God Is Self-Sufficient

Acts 17:24-25                                               God Is Self-Sufficient

“The God who made this world and everything in it is the Lord of heaven and earth and does not live in temples built by human hands.  And he is not served by human hands, as if he needed anything.  Rather, he himself gives everyone life and breath and everything else” (NIV).

 

Paul spoke these words in Athens as he was addressing a gathering of Athenian philosophers.  They had many gods, and Paul observed statures and monuments to the many gods throughout the city.  He even saw an inscription “TO AN UNKNOWN GOD.”  He then went on to introduce them to this “unknown god” of theirs, the known God, the God of Jesus Christ.  As can be seen from the Scripture above, God made it all, and He needs nothing.  Paul’s all-encompassing words were, “Rather, he himself gives everyone life and breath and everything else.”
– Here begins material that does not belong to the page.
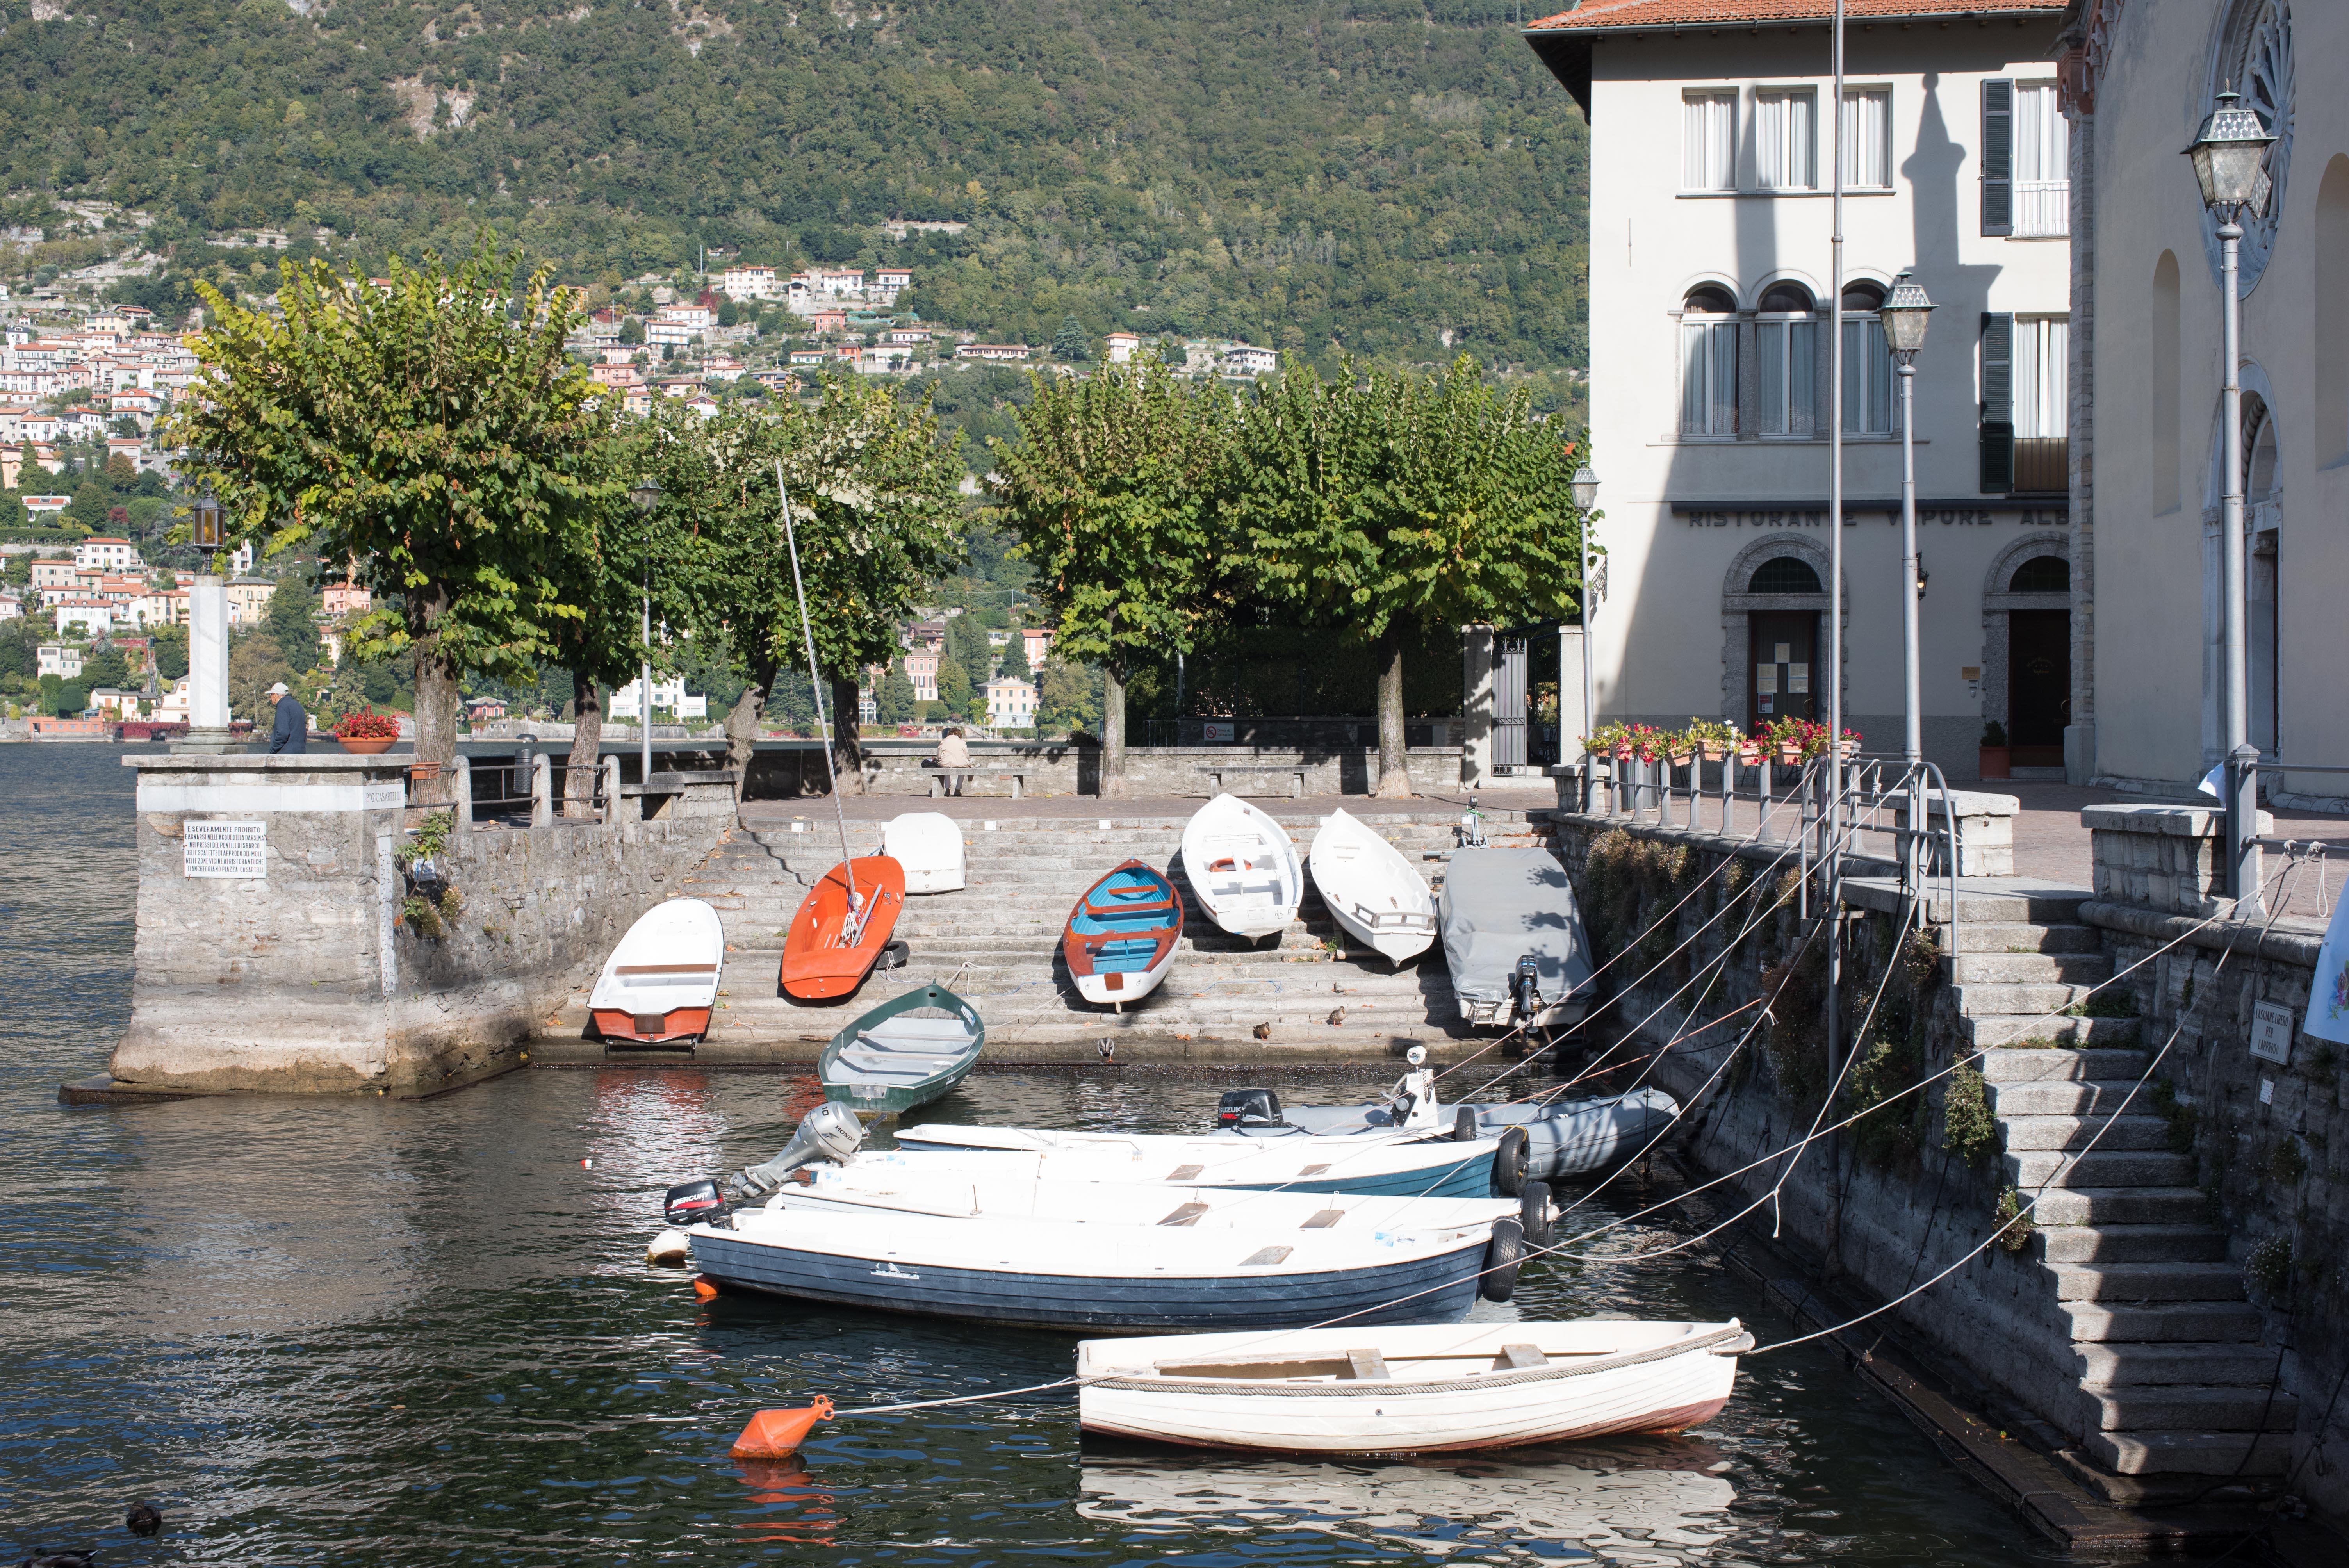 Hafen von Torno

Before I began to write this message, I asked God for His help.  He led me to read a daily devotional from a book of devotionals, Drawing Near by Pasquale Mingarelli, a writer I admire. We agree that God uses His creation to draw us to Him.  Mingarelli says that since God created everything, He is not part of creation, but independent of creation.  He goes on to say, “God does not need the help of creation to exist.  Everything in creation needs the help of creation and the help of God to exist.  God alone is self-existent.”  All life on earth is dependent upon something else in order to exist.  God created it that way.  Mingarelli says that trees need sun and soil, animals need food, fish need water, and mammals need air.  Ultimately, He created everything in such a way that we and every part of creation depend upon Him.  Colossians 1:17 tells us:  “He was before all else began and it is his power that holds everything together” (TLB).
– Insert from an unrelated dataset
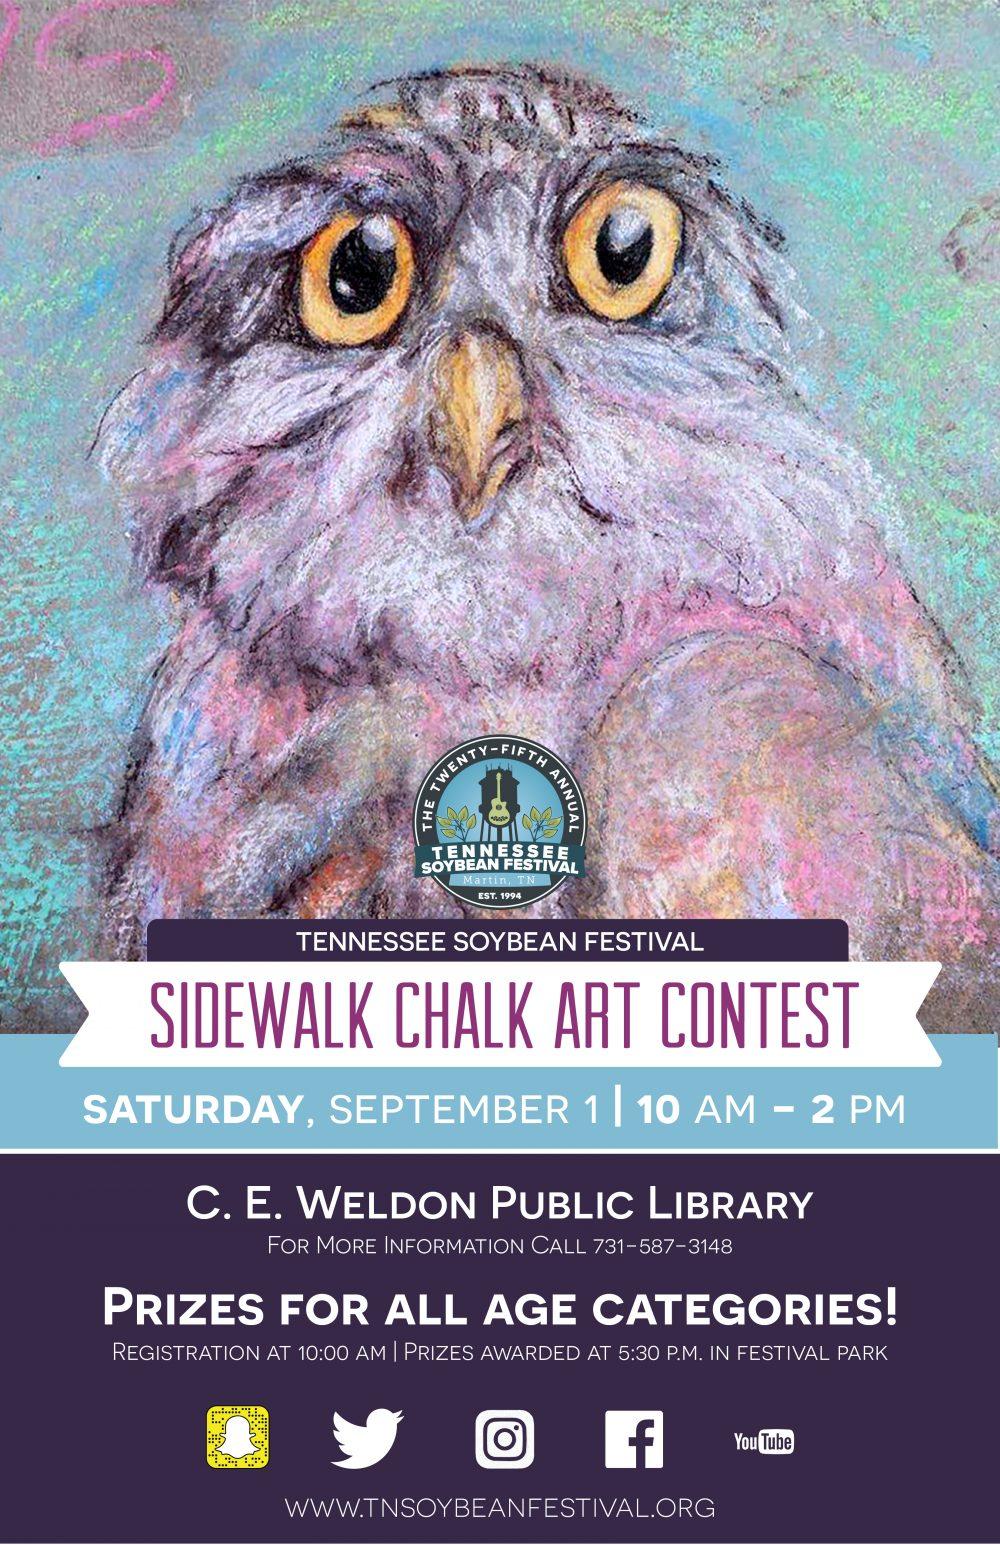 SidewalkChalk-01-e1530580744497.jpg

God was and is self-sufficient.  He didn’t need us, and He doesn’t need us, but He desired us.  He wanted to be able to fellowship, so He created all of this, every single bit of creation so that we would be able to live and enjoy a beautiful world that invites us to study it and come to appreciate God, the creator.  Since we didn’t obey His one basic rule, “Don’t eat of the tree of the knowledge of good and evil,” we couldn’t fellowship with Him.  So He provided a way for us to still be with Him.  He sent His Son, Jesus, so we could obtain forgiveness for not just that one sin, but also for every sin committed since then.  Once we accept that sacrifice of Jesus, we have eternal fellowship with God.  So, God is self-sufficient, but He desired us, and that is our great blessing.